Bij routering in MPLS (Multiprotocol Label Switching) worden labels gebruikt om pakketten via een netwerk door te sturen op basis van vooraf bepaalde paden, in plaats van dat de IP-header van elk pakket bij elke router afzonderlijk wordt onderzocht. Zo werkt routering in MPLS: MPLS-routers wijzen labels toe aan pakketten bij de ingangsrouter op basis van doorstuurbeslissingen die worden genomen door traditionele routeringsprotocollen zoals OSPF of BGP. Deze labels vertegenwoordigen vooraf bepaalde paden of “label-switched paths” (LSP’s) via het MPLS-netwerk. Tussenliggende routers binnen het MPLS-domein schakelen pakketten op basis van deze labels in plaats van IP-bestemmingsadressen op te zoeken. Deze labelwisseling zorgt voor een snellere pakketdoorzending en een efficiënter gebruik van netwerkbronnen, omdat MPLS-routers alleen het label hoeven te onderzoeken om de volgende hop langs de LSP te bepalen.
Routing verwijst in het algemeen naar het proces waarbij het beste pad of de beste route voor datapakketten wordt bepaald om via een netwerk van hun bron naar hun bestemming te reizen. Traditionele routeringsprotocollen zoals OSPF en BGP gebruiken routeringstabellen om de beste paden te berekenen en te onderhouden op basis van statistieken zoals het aantal hops, bandbreedte of administratieve voorkeuren. Routers wisselen routeringsinformatie uit om hun routeringstabellen bij te werken en doorstuurbeslissingen te nemen op basis van bestemmings-IP-adressen in pakketheaders. Routingprotocollen zorgen voor een efficiënte pakketbezorging door routes dynamisch aan te passen als reactie op netwerkwijzigingen of -storingen, waardoor de netwerkprestaties en betrouwbaarheid worden geoptimaliseerd.
Het belangrijkste verschil tussen routering en MPLS ligt in hun benadering van het doorsturen van pakketten over netwerken. Routeringsprotocollen zoals OSPF en BGP bepalen paden op basis van bestemmings-IP-adressen en bijbehorende statistieken, waardoor doorstuurbeslissingen dynamisch worden genomen terwijl pakketten het netwerk doorkruisen.

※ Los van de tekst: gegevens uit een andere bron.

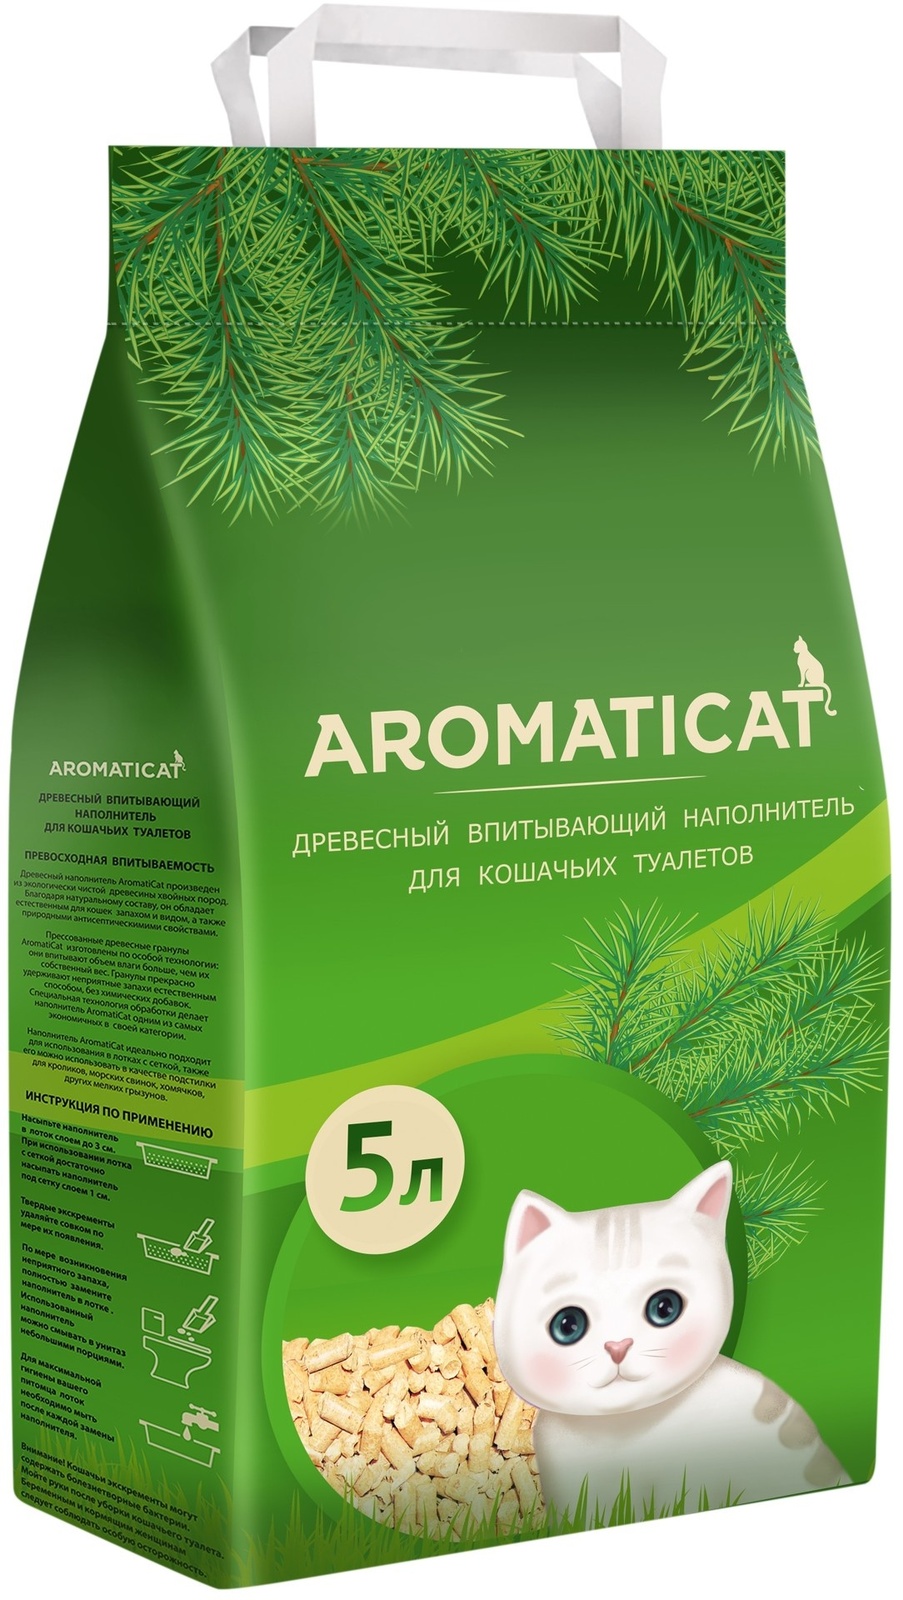 AromatiCat AromatiCat древесный впитывающий наполнитель (3 кг)

MPLS gebruikt daarentegen labels die zijn toegewezen aan pakketten bij het binnenkomen van het netwerk om vooraf bepaalde paden of LSP’s via het MPLS-domein tot stand te brengen. MPLS-routers wisselen pakketten uit op basis van deze labels, waardoor de noodzaak voor herhaalde IP-headerzoekopdrachten wordt verminderd en een snellere en voorspelbaardere pakketdoorzending mogelijk wordt gemaakt. MPLS combineert routing met labelwisseling om de netwerkprestaties, schaalbaarheid en Quality of Service (QoS)-mogelijkheden te verbeteren.
Verkeersroutering houdt in dat datapakketten van hun bron naar hun bestemming worden geleid via een netwerk op basis van vooraf bepaalde paden die zijn vastgesteld door routeringsprotocollen. Bij traditionele IP-routering onderzoeken routers pakketheaders om de volgende hop langs het optimale pad naar het bestemmings-IP-adres te bepalen. Routeringsprotocollen zoals OSPF en BGP berekenen en updaten deze paden dynamisch op basis van de netwerkomstandigheden, waardoor een efficiënte pakketaflevering en fouttolerantie worden gegarandeerd. Verkeersroutering optimaliseert netwerkbronnen door het verkeer over beschikbare paden te verdelen, de Quality of Service (QoS)-vereisten te handhaven en zich in realtime aan te passen aan veranderingen in de netwerktopologie of verkeerspatronen.